TASK PROMPT: Leaving pictures out, repeat word for word the line that has "Celine Unisex Tee, Black" and each line that follows it to the end of the listing.

GIVEN MATERIAL:
____________________

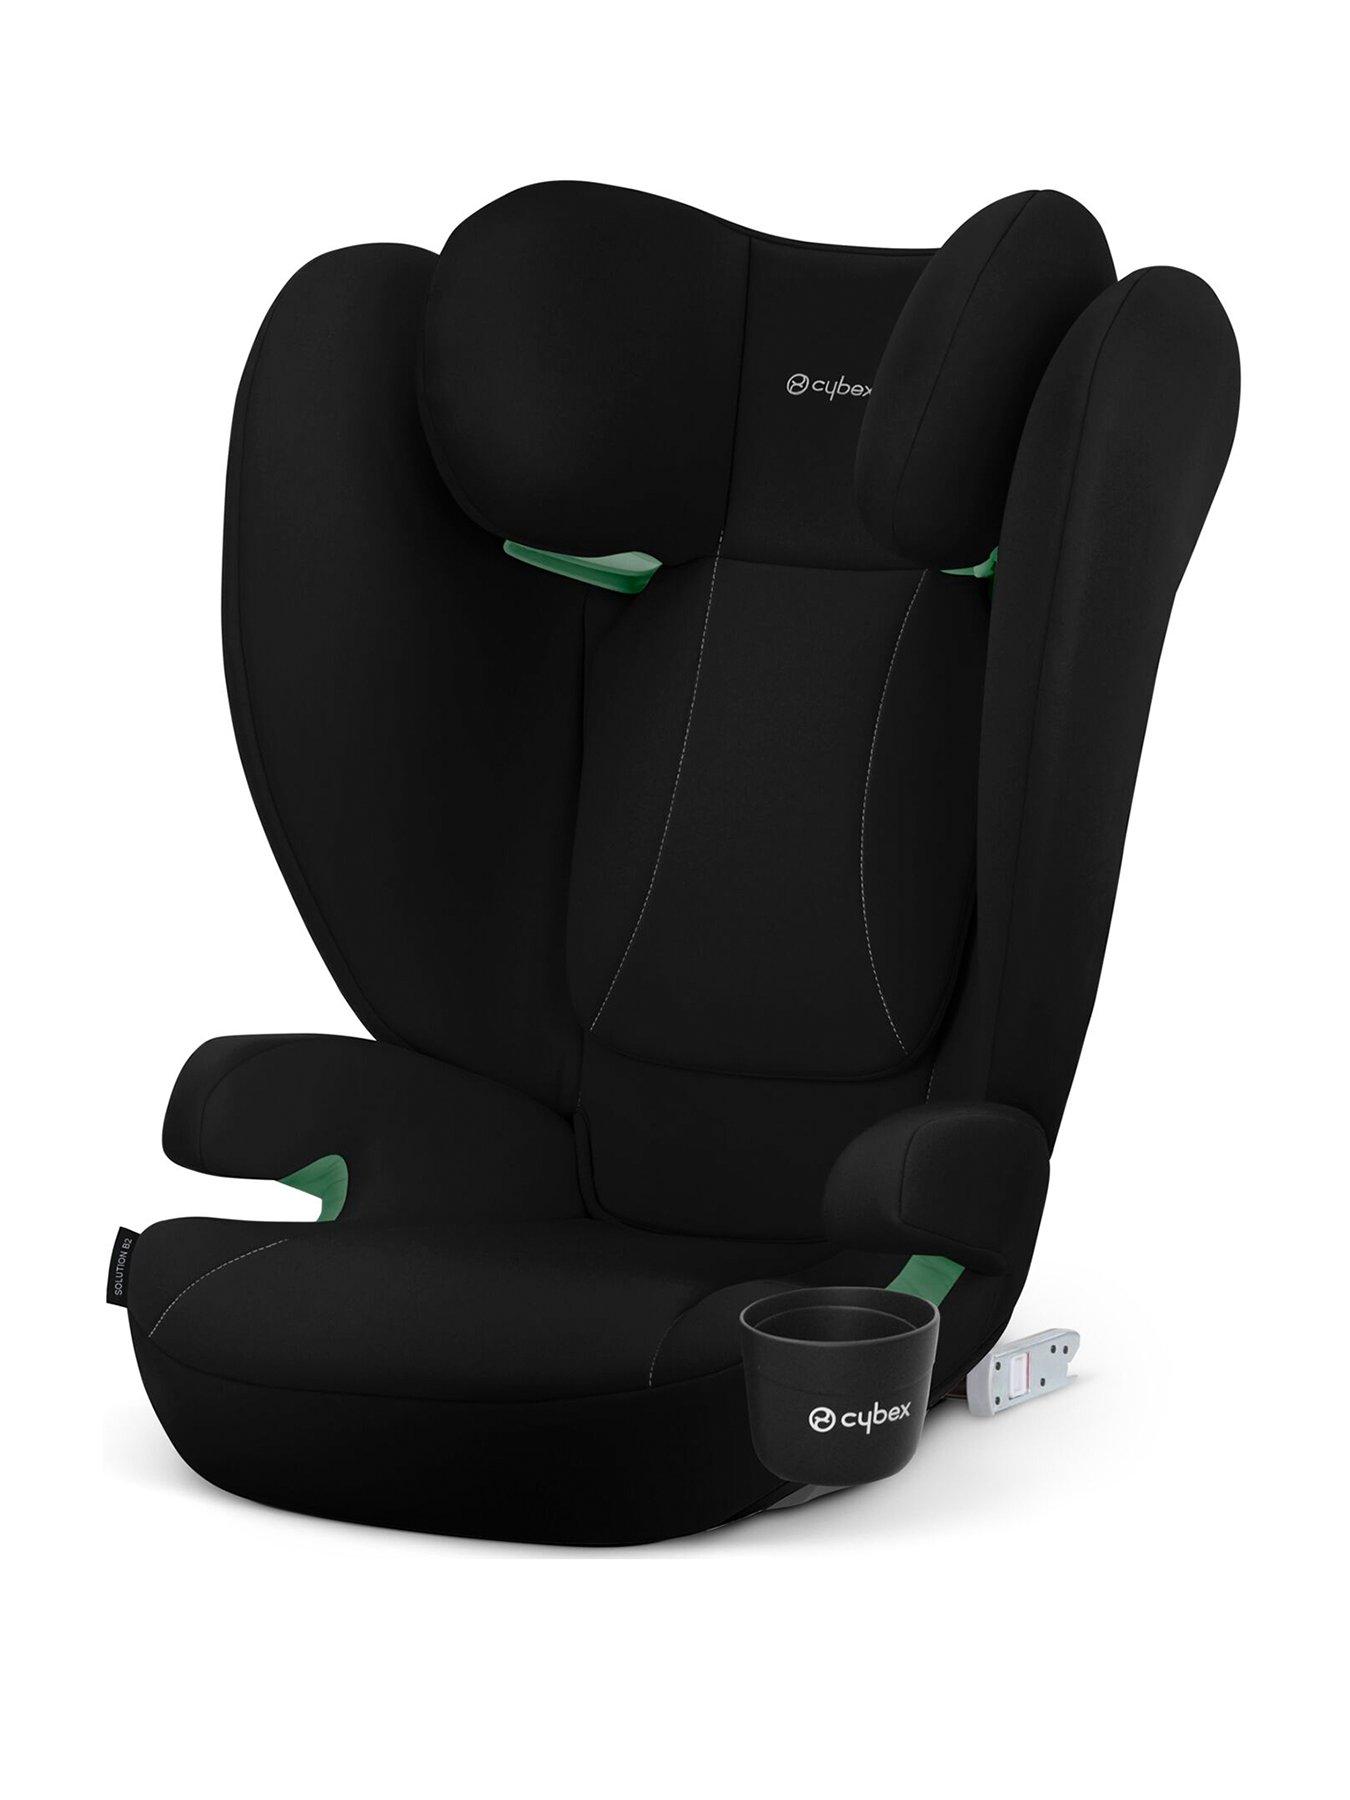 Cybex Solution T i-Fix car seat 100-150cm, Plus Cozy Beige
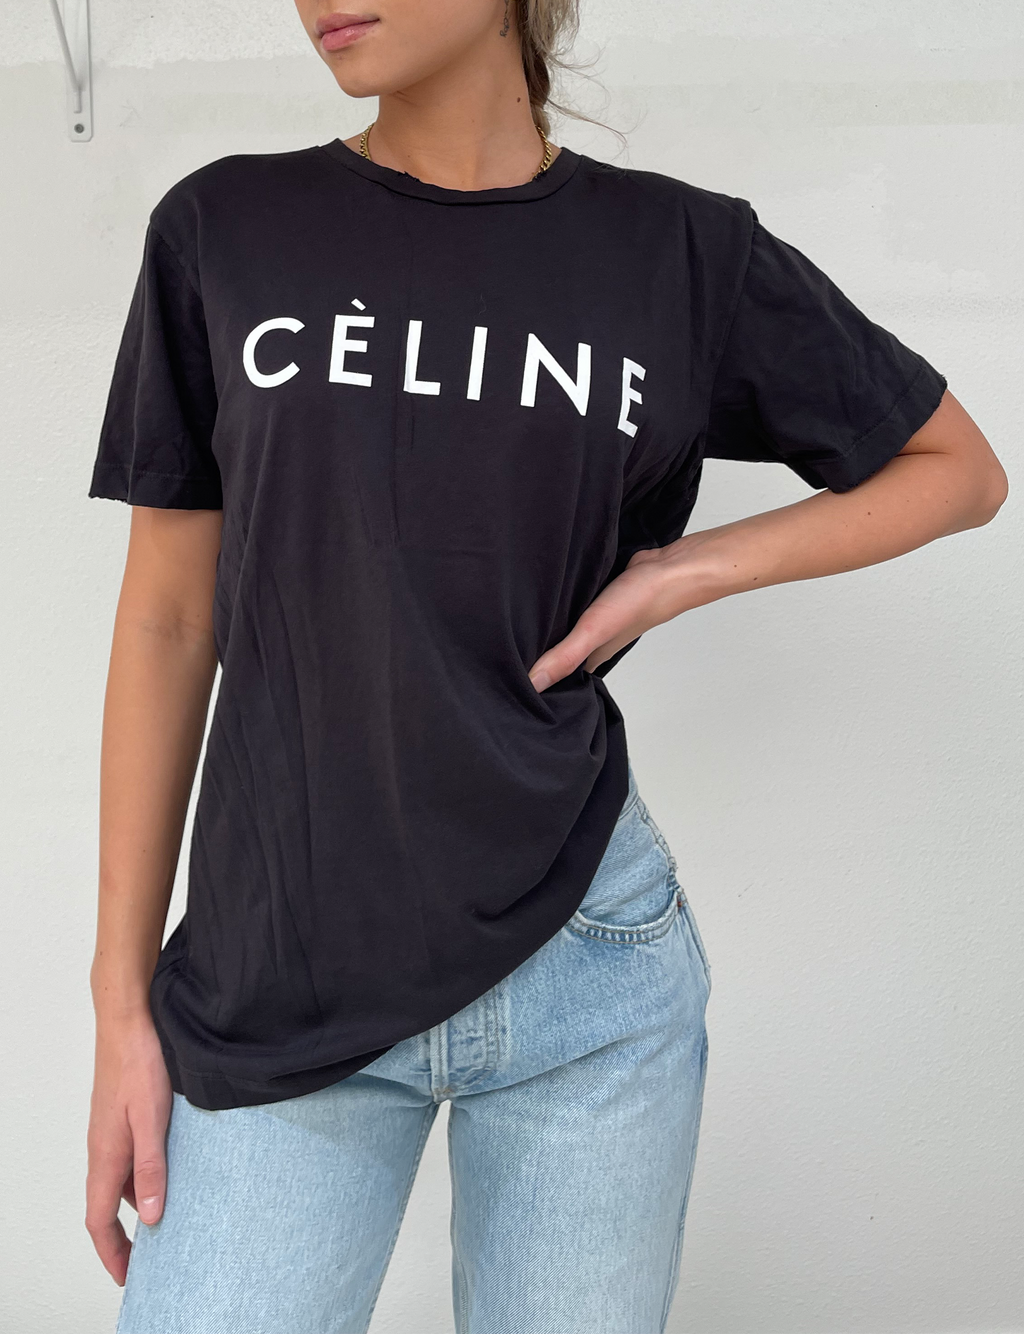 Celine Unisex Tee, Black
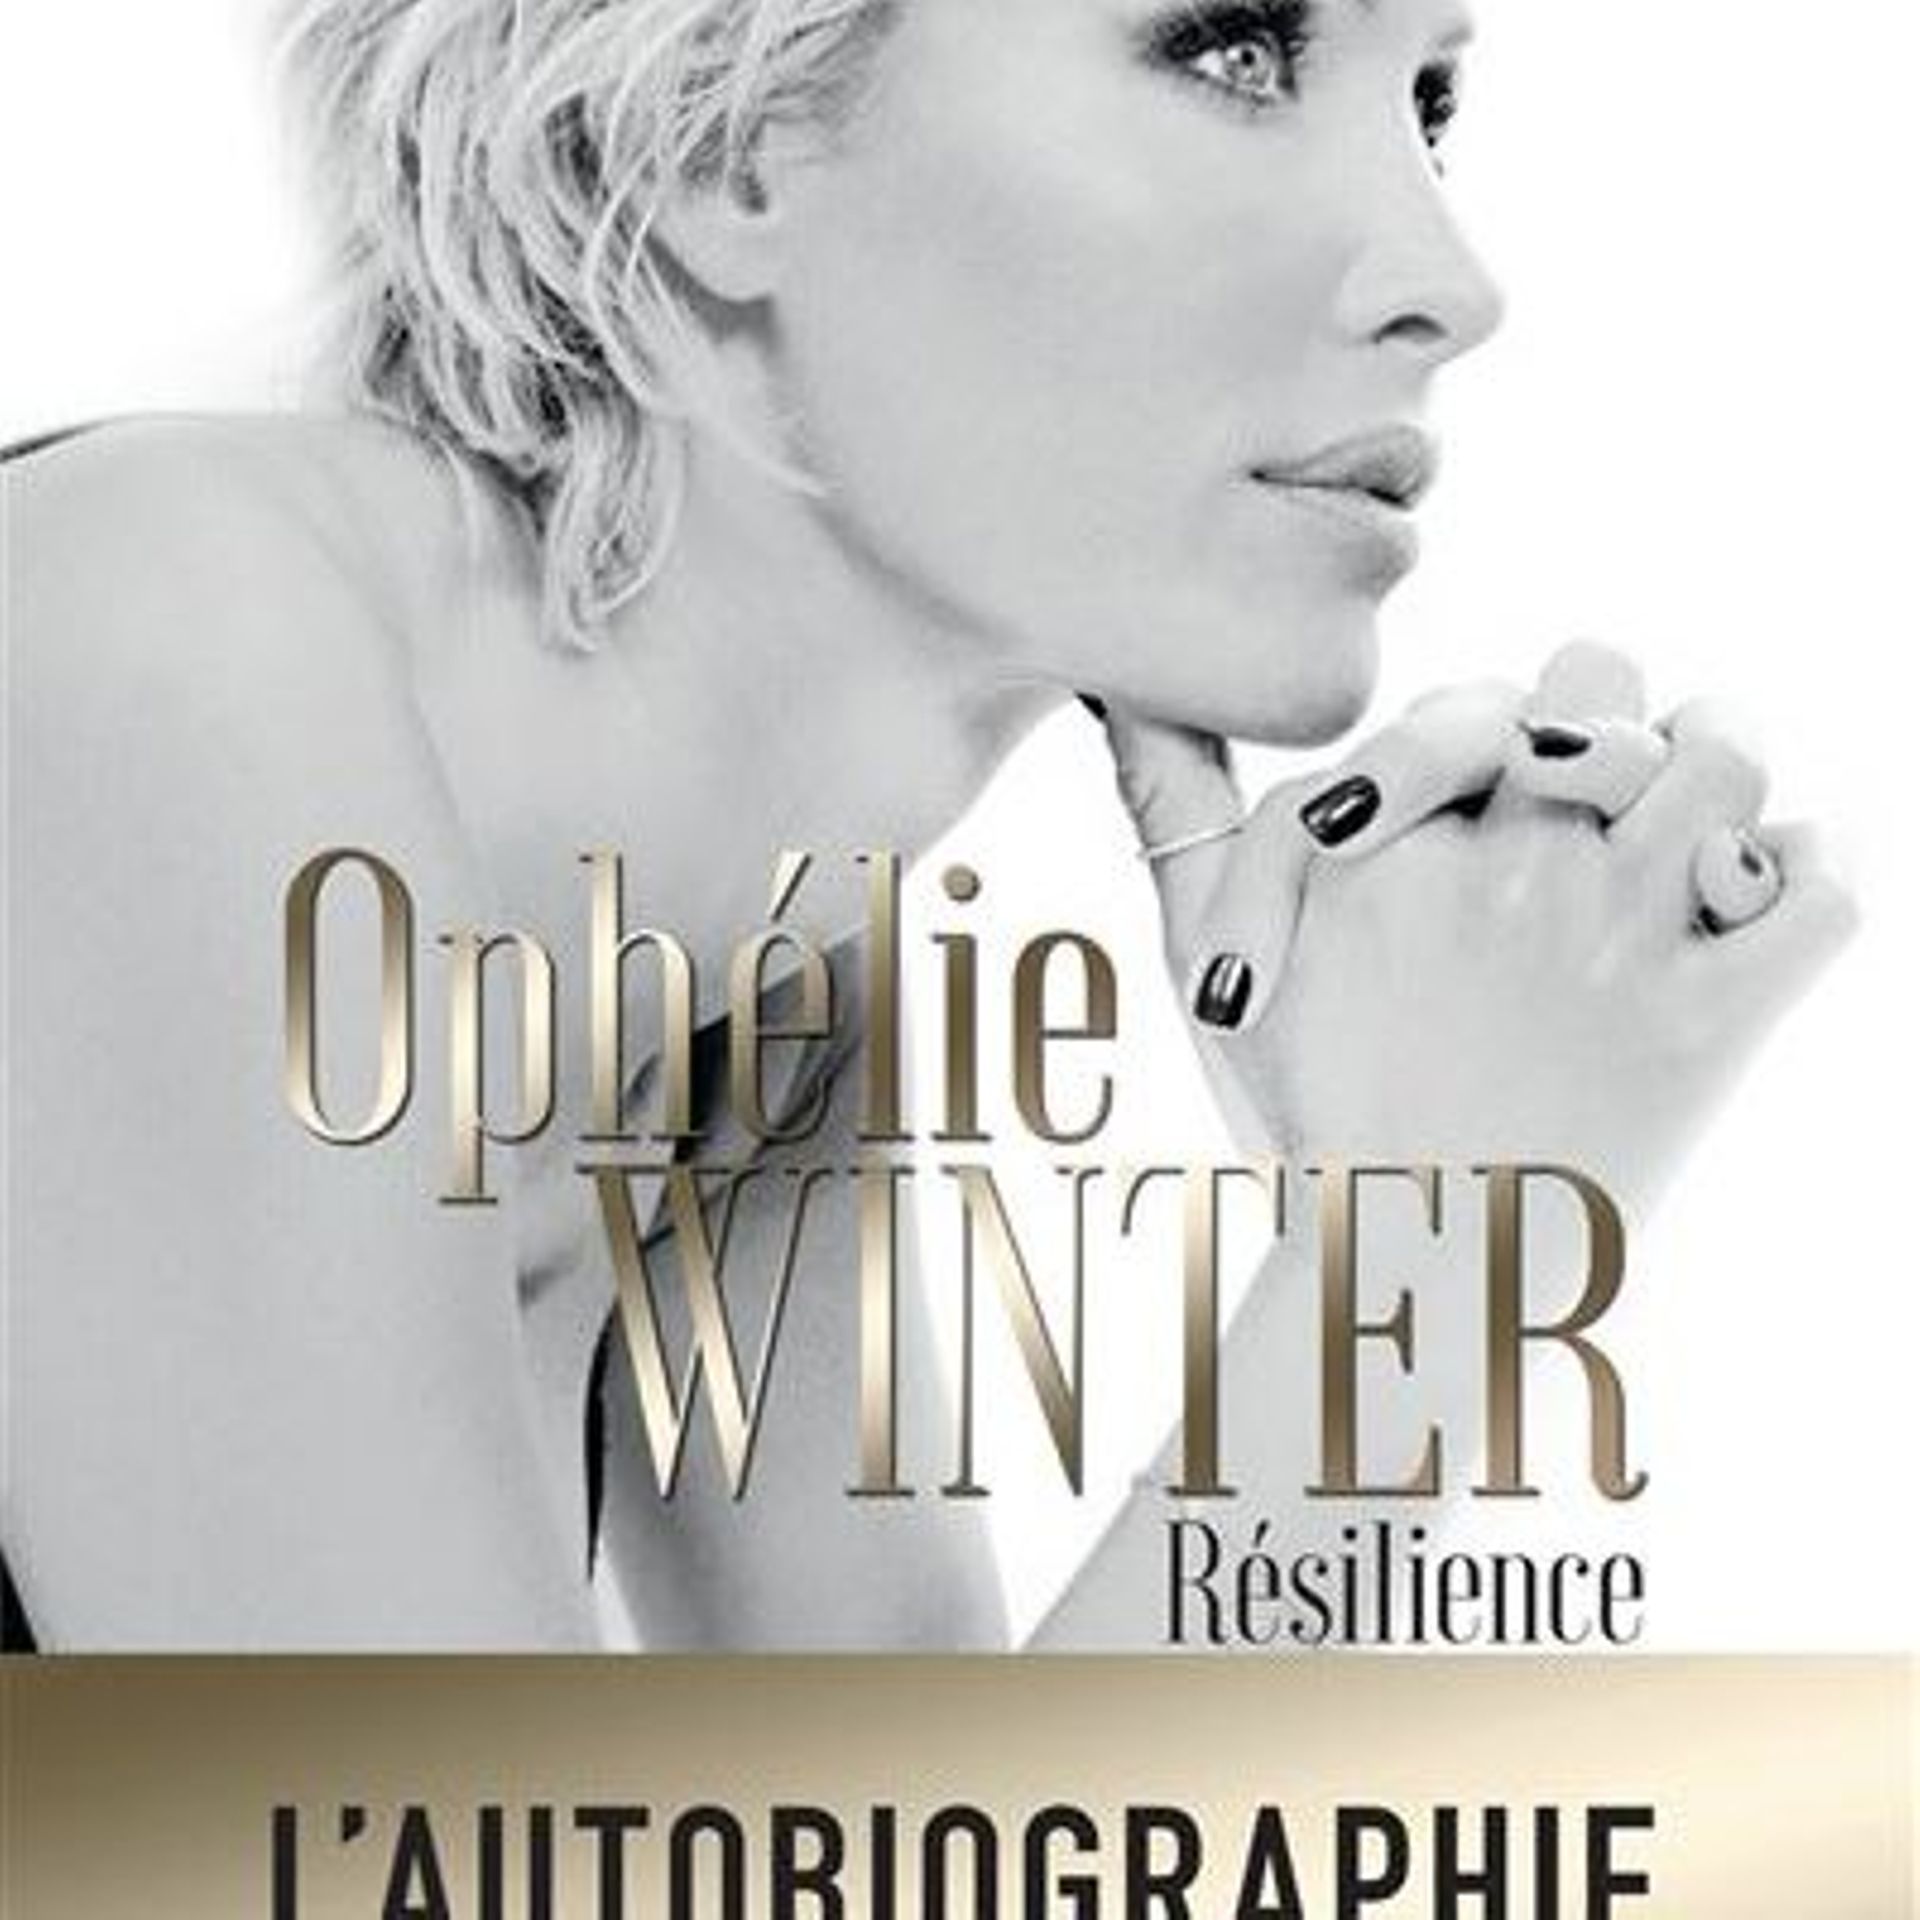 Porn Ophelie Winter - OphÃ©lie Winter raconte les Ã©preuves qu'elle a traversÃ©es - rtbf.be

____________________

OUTPUT FOR THIS TASK:
 Celine Unisex Tee, Black
 Porn Ophelie Winter - OphÃ©lie Winter raconte les Ã©preuves qu'elle a traversÃ©es - rtbf.be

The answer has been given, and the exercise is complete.